Likewise, if one of that huge cluster of servers takes my incoming mail and dumps it in the bit-bucket - again, as happened not long ago with a huge batch of accounts - they're gone. They pulled the last tape backups out, but of course everything since that last tape backup will still have been lost that way.
However much technical redundancy - RAID, dual PSUs, UPS protection, even synchronous replication to another continent - if a bug, rogue or fat-fingered sysadmin hits delete on the wrong thing, stuff can disappear for hours or even forever.
This bit a company I sometimes do work for a few years ago: register.com had a little tantrum when they were told the domain was being transferred, and started publishing new DNS content which bit-bucketed all their incoming email. It was another 12-24 hours before the delegation transfer completed and mail stopped being discarded!
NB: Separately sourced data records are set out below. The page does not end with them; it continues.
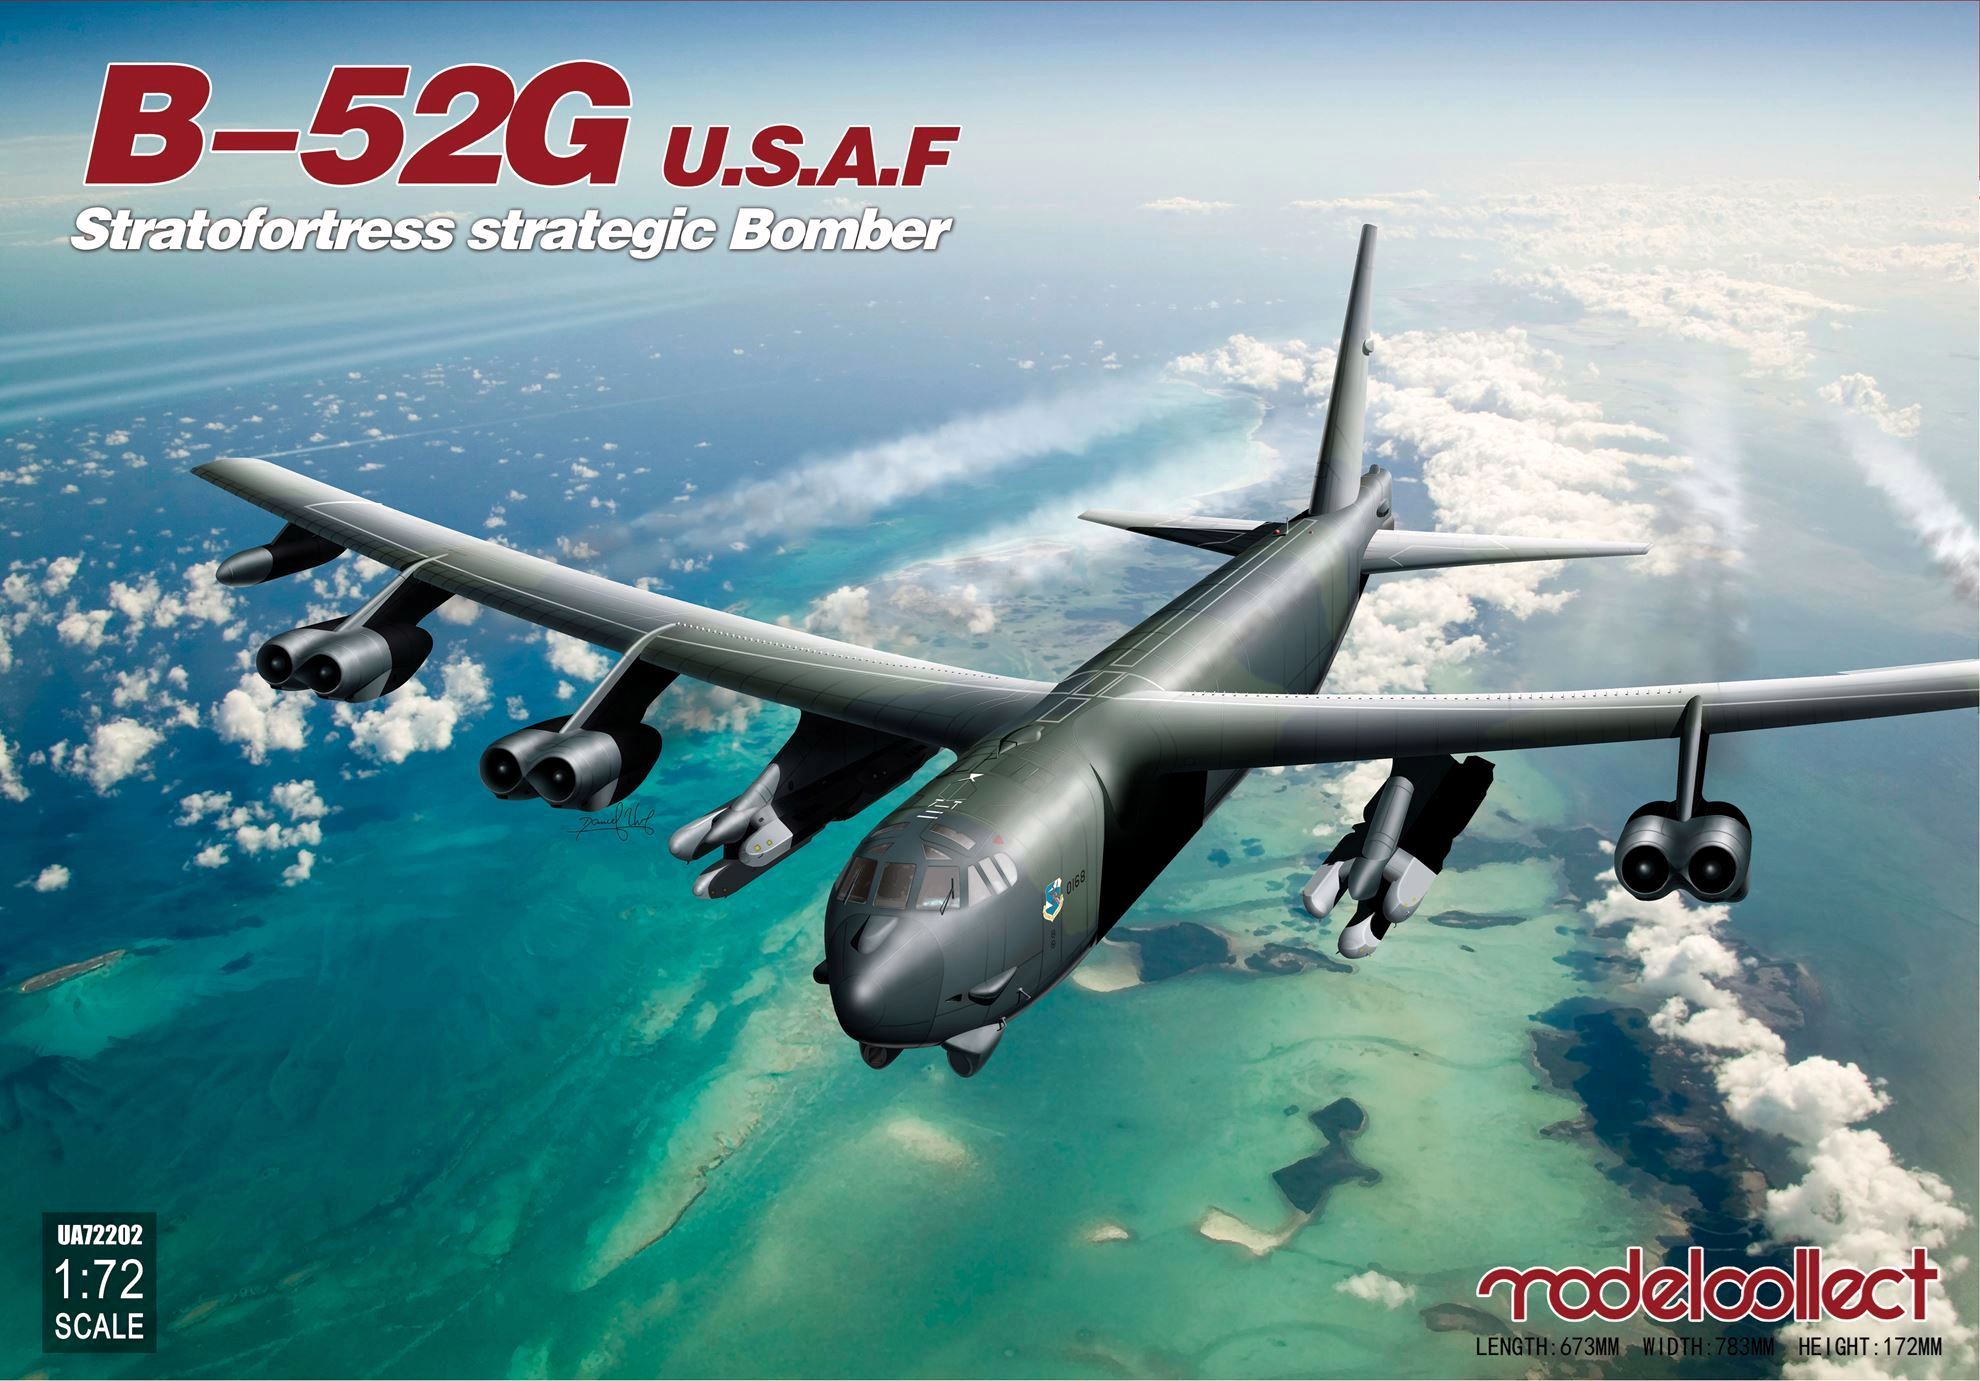 USAF B-52G Stratofortress strategic Bomber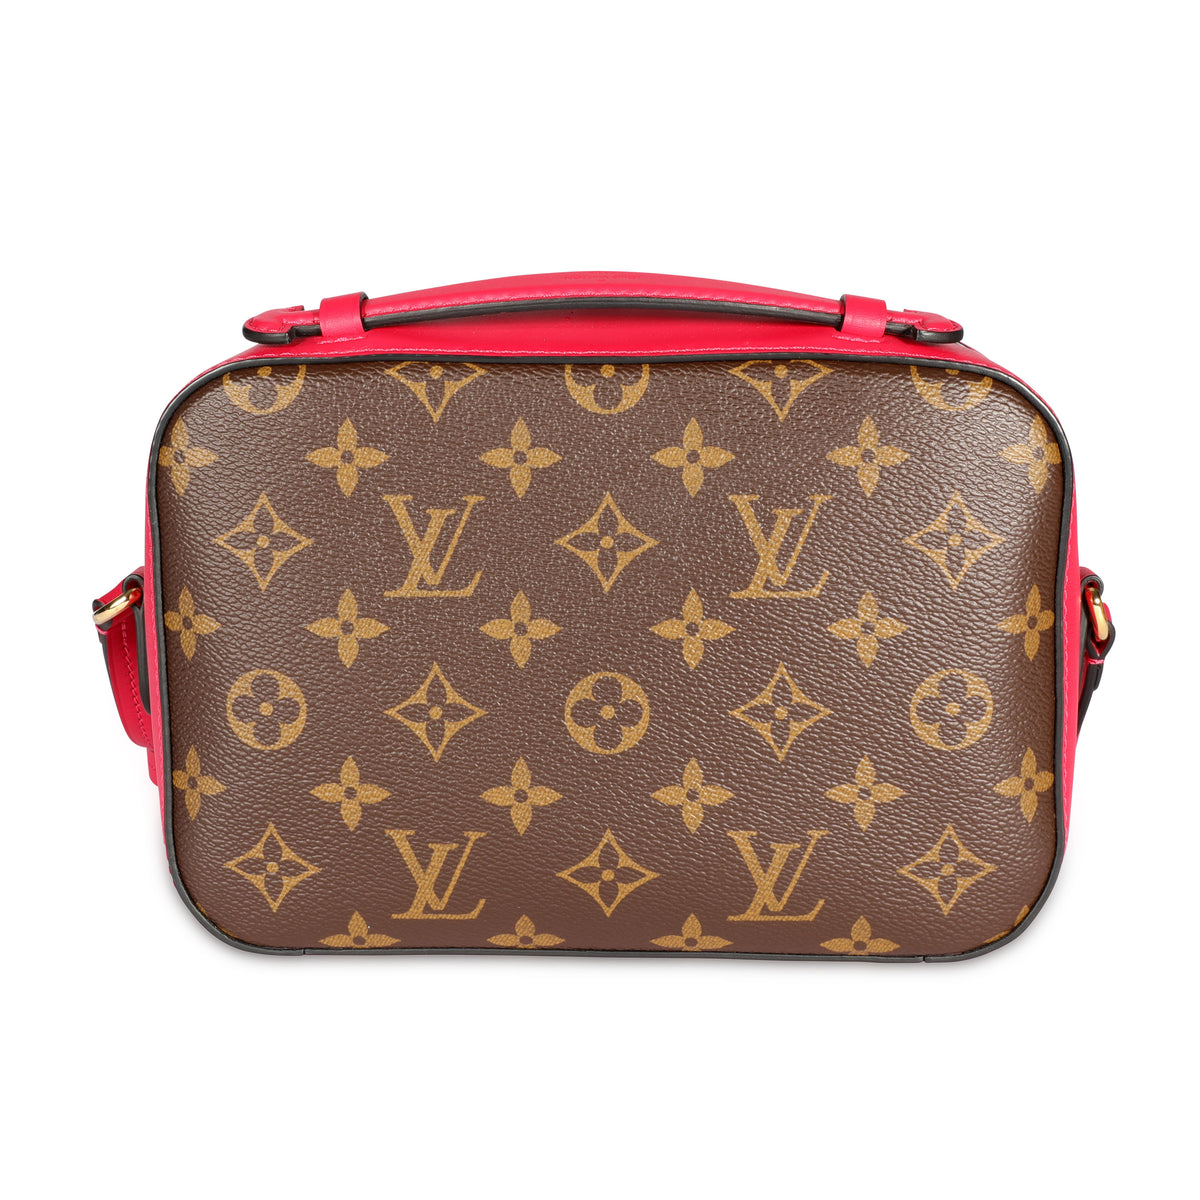 Louis Vuitton Saintonge Bag Reviewed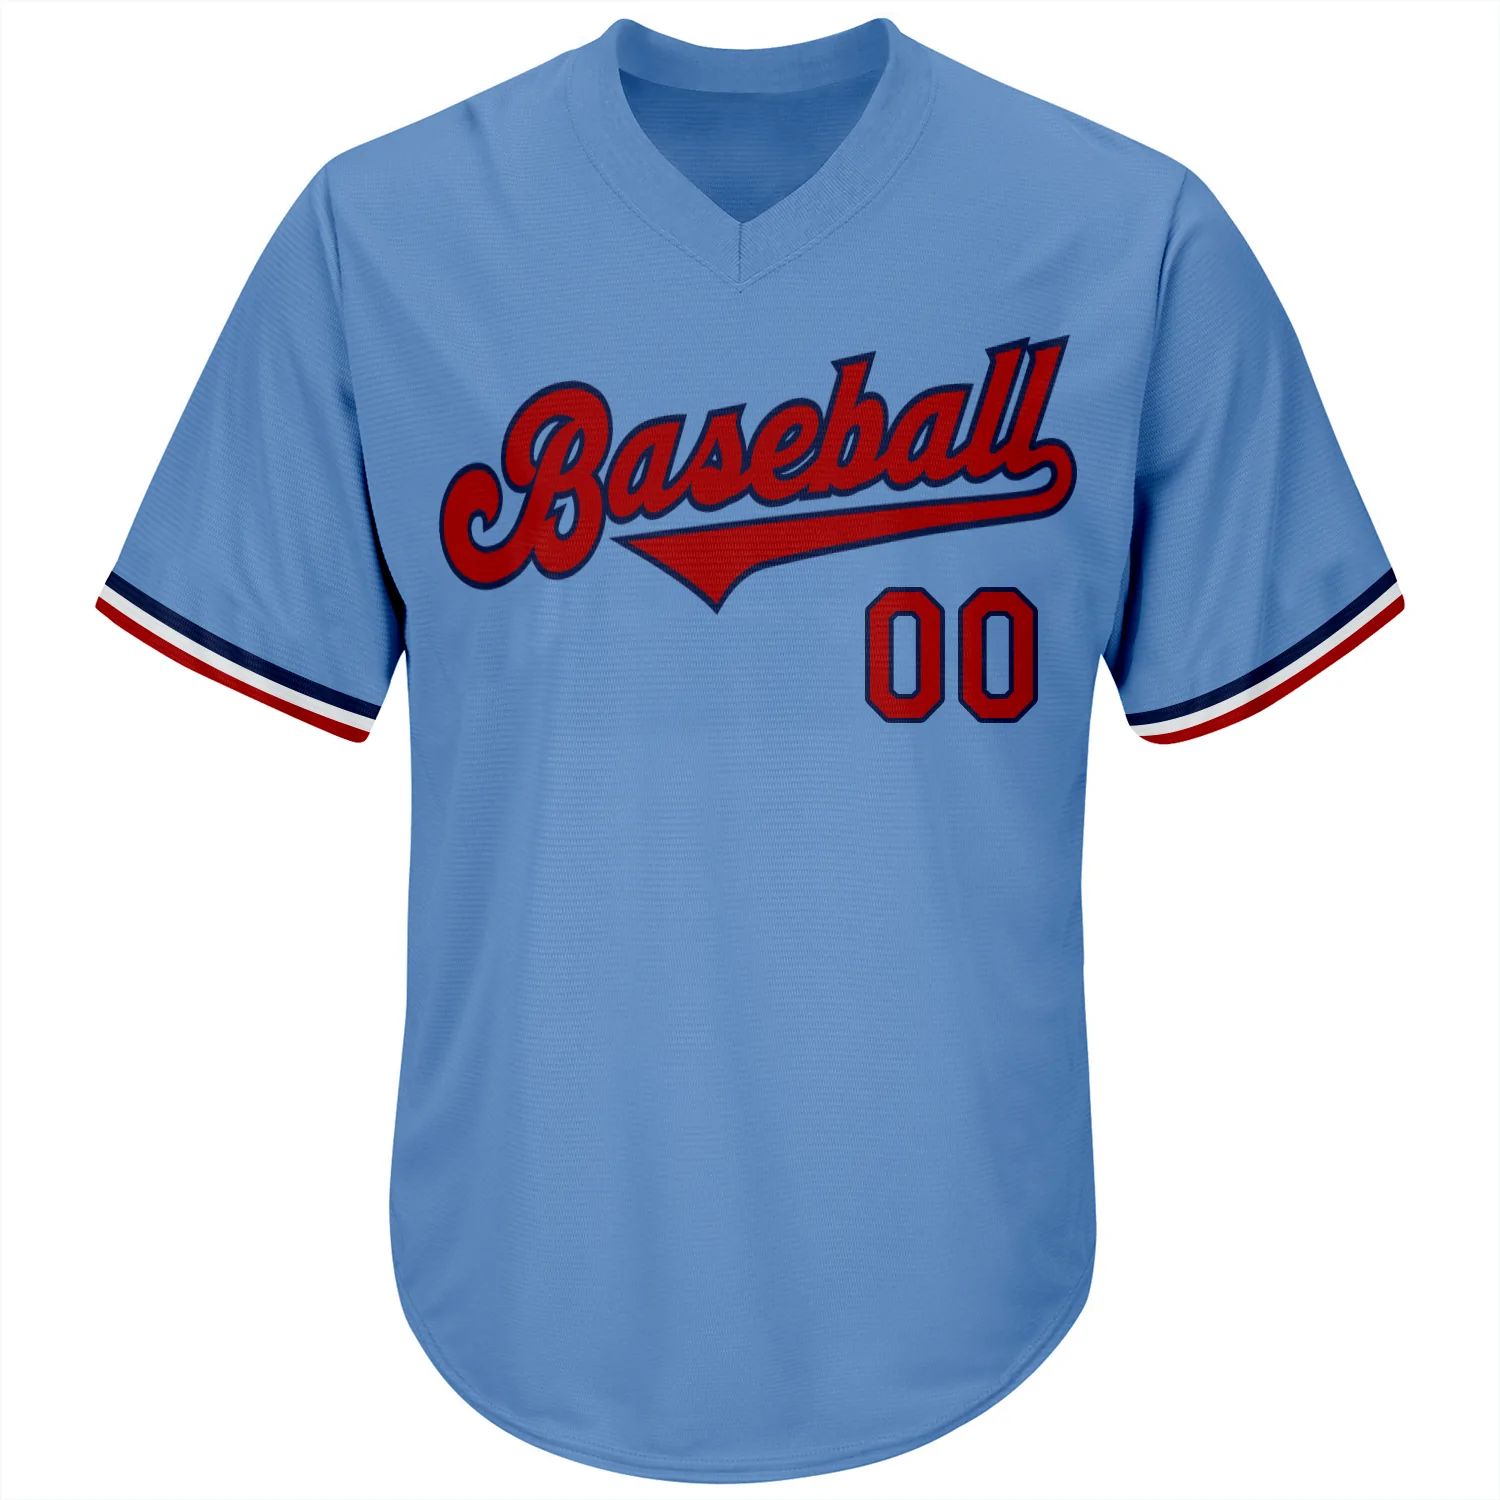 build-navy-light-blue-baseball-red-jersey-authentic-throwback-elightblue00306-online-2.jpg

Ericsson has a telecom switch powered by Erlang, which has nine nines. Erlang makes such stuff as hot patching code easy.
Guinness world record...
I guess a sleeve-bearing belonging to a Hydropower plant generator was installed in 1897 and been working non-stop until 2007. But I can't find a link to it. (I'm guessing San Francisco too...)
How many nines could that be? For a MECHANICAL device? Shame on everything else...
Ow, memory fails...
(Please, help me find it. I want to find that article again.)
Well what can you do when you can't meet the 5 9's ?
Say it really isn't needed.
Like a lot of non IT people they do not have a slightist idea why they pay a night staff for. Where I work we come close at 4 9's . Night time is when all the batch work is done and there is a lot of it. One key thing that everyone forgets are backups. If you don't backup your data you are going to be in a lot of legal hassles the kind that the justice department (amoungst others) will shut your company down in record time. Do not ever try and argue with a FBI or SEC investigator they will have you in handcuffs faster than you can dial a lawyer. Oh yes and you must service your equipment and that is done usually at night when it has the least impact. Can you shut down a system while someone replaces say a disk drive or say a motherboard? Can you all say NO?